## Required work:
Output verbatim the lines beginning at the one that contains "From our latest" and ending at the last line of the material, inclusive of both.

## Data excerpt:
=== Begin Enclosure ===

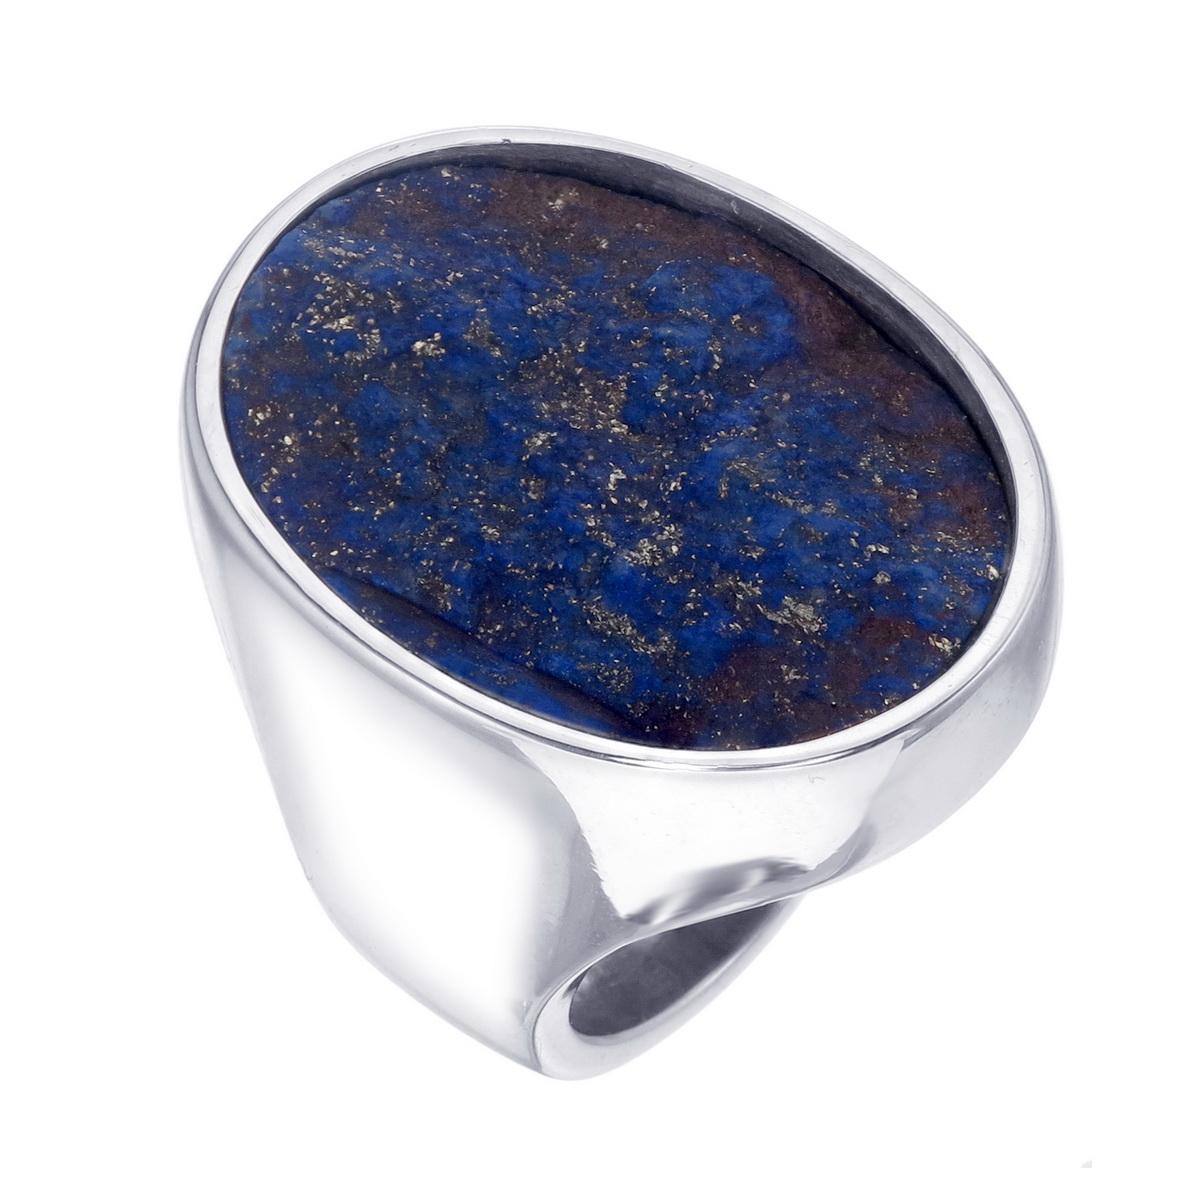 Orloff of Denmark; 41 carat Lapis Lazuli Sculpture ring fashioned out of 925 Sterling Silver.

From our latest collection based solely on the beautiful Lapis Lazuli.
This piece features a gorgeous 41 carat, oval cut lapis lazuli which has been

=== End Enclosure ===

## Output:
From our latest collection based solely on the beautiful Lapis Lazuli.
This piece features a gorgeous 41 carat, oval cut lapis lazuli which has been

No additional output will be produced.